Israeli newspaper editor (1946–2013)

Amnon Dankner (אמנון דנקנר; February 5, 1946 – April 5, 2013) was an Israeli newspaper editor and author. He was the editor of the mass-circulation daily Maariv for six years.

==Biography==
Amnon Dankner was born in Jerusalem. His parents were the owners of Cafe Allenby.
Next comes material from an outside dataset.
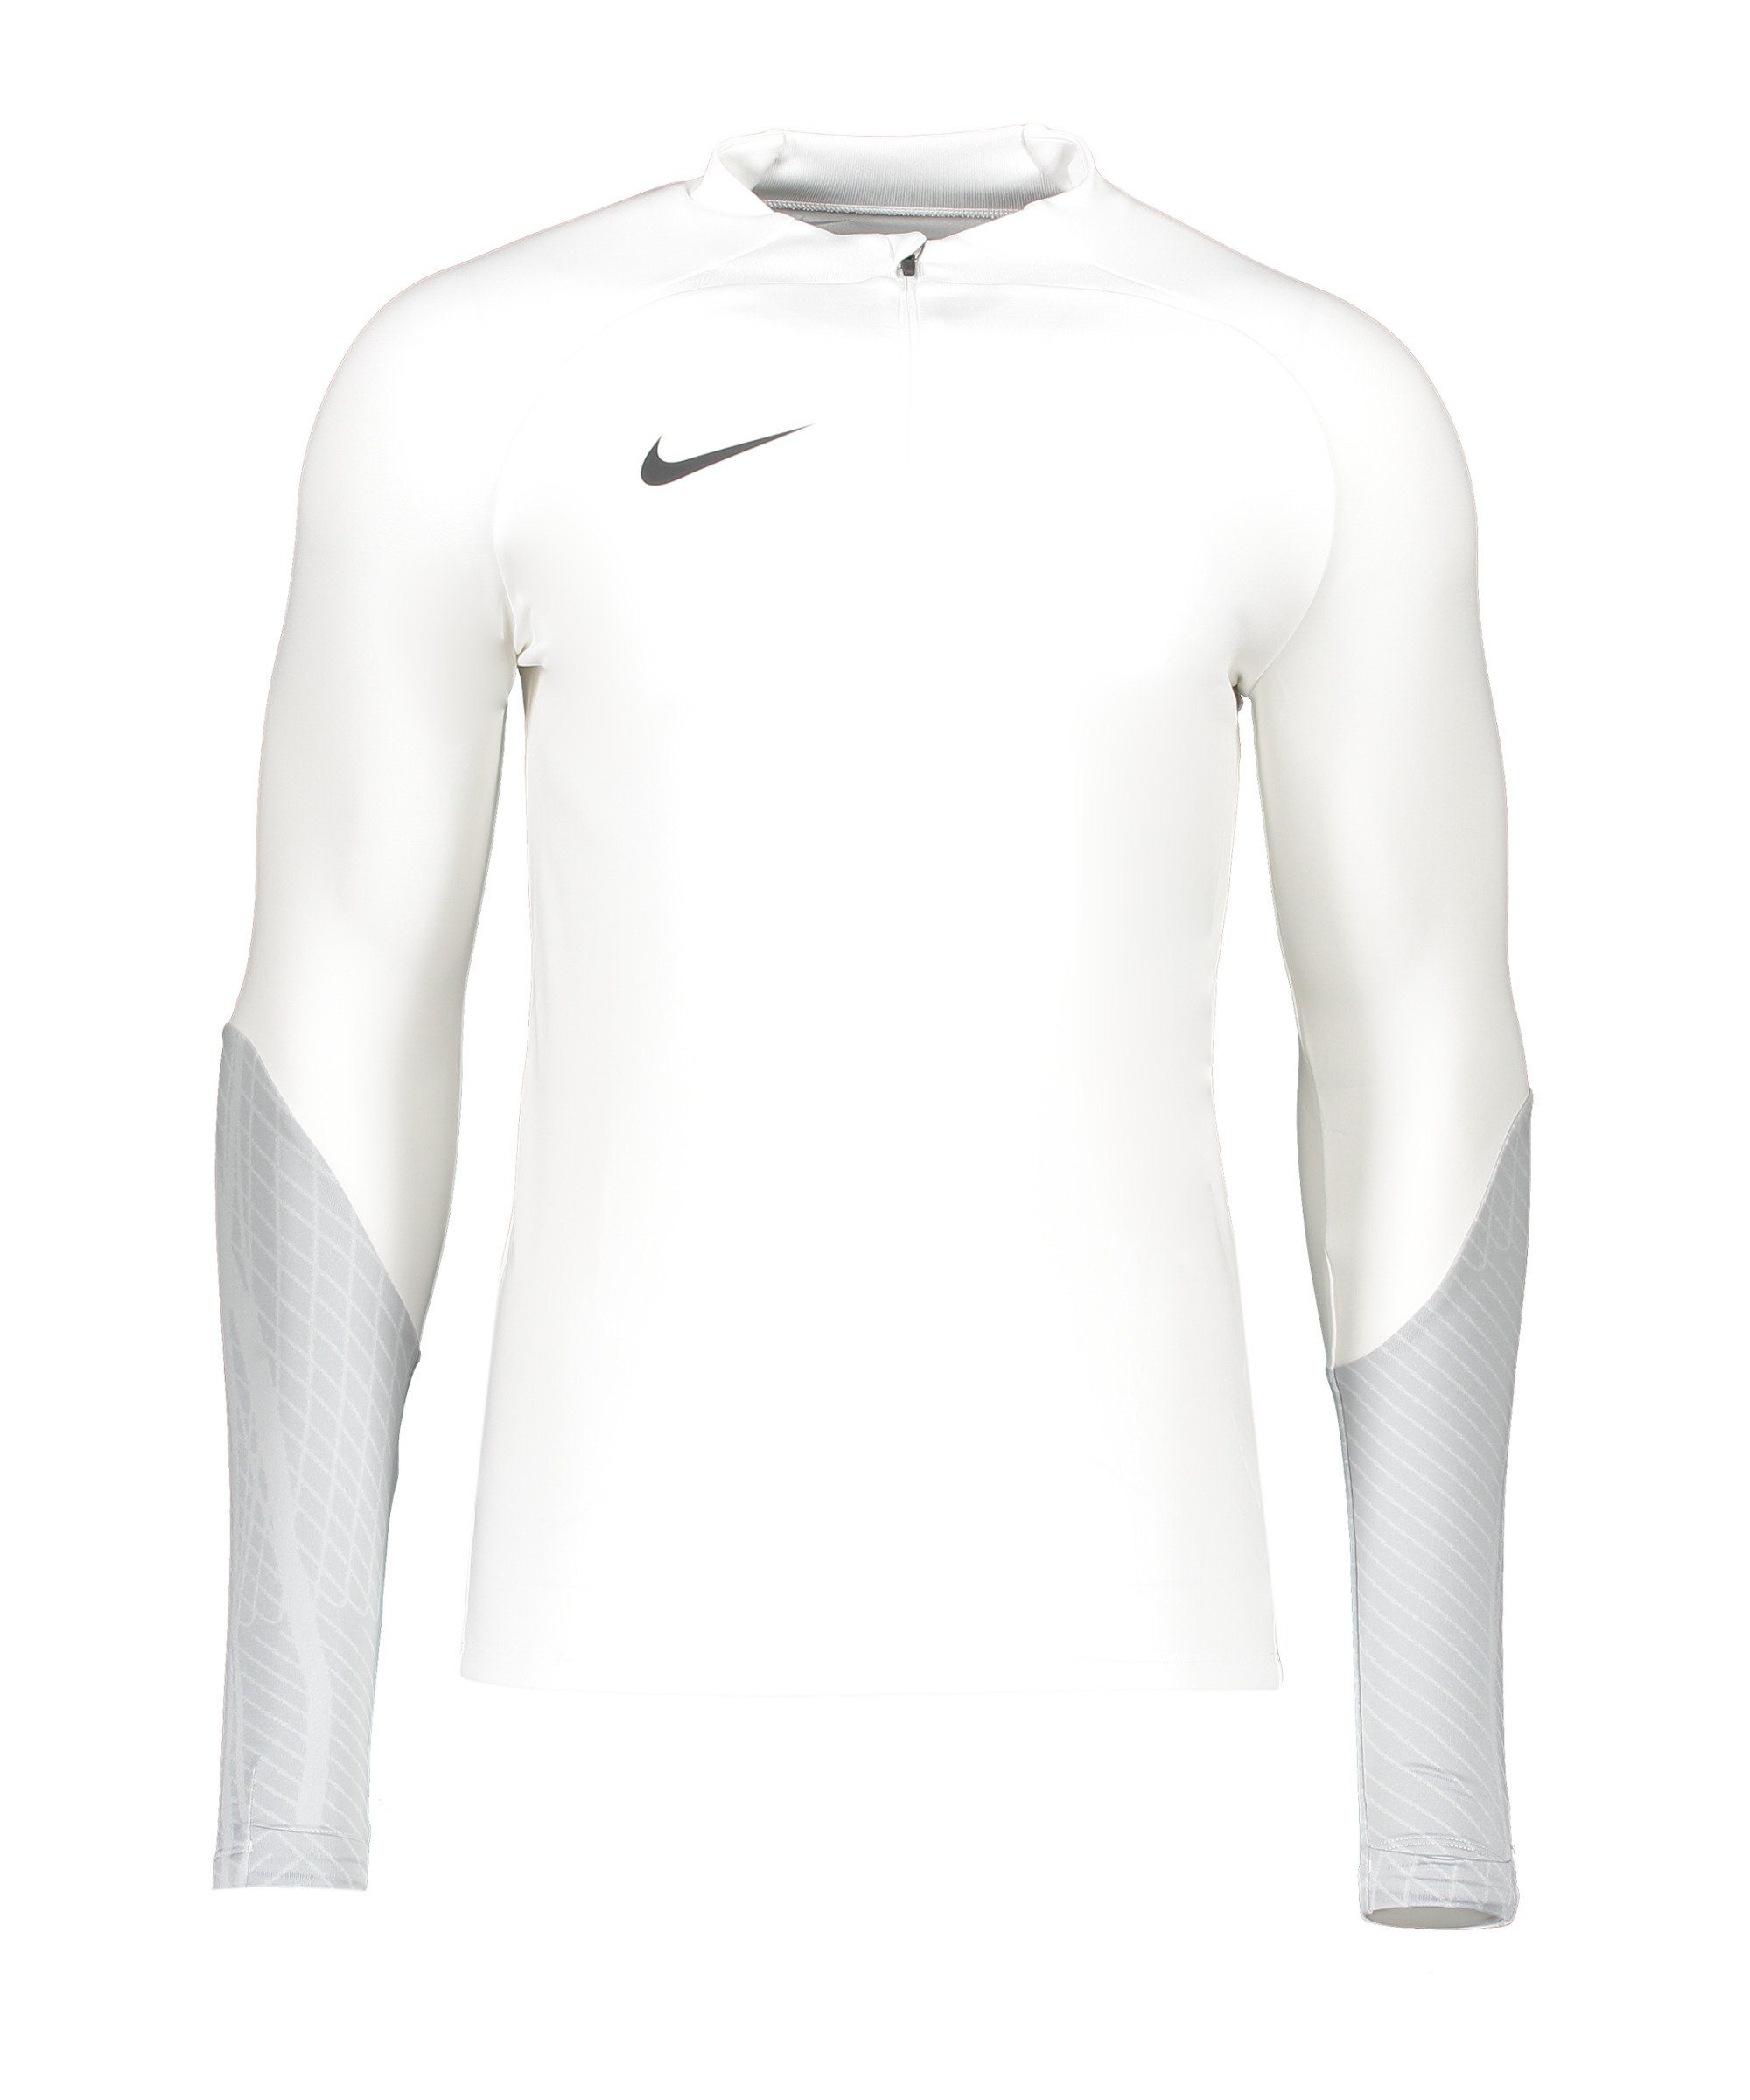 23 weissgrauweissschwarz Top Sweatshirt Nike Strike Drill

The family was secular, but he attended a religious school, Ma'aleh, where he was a classmate of Haim Be'er. He served in the Nahal corps and studied law at the Hebrew University of Jerusalem. He was married to Miri, with whom he had two sons, Yoav and Itai. Although he preferred Jerusalem, at his wife's insistence he lived in Ramat Hasharon.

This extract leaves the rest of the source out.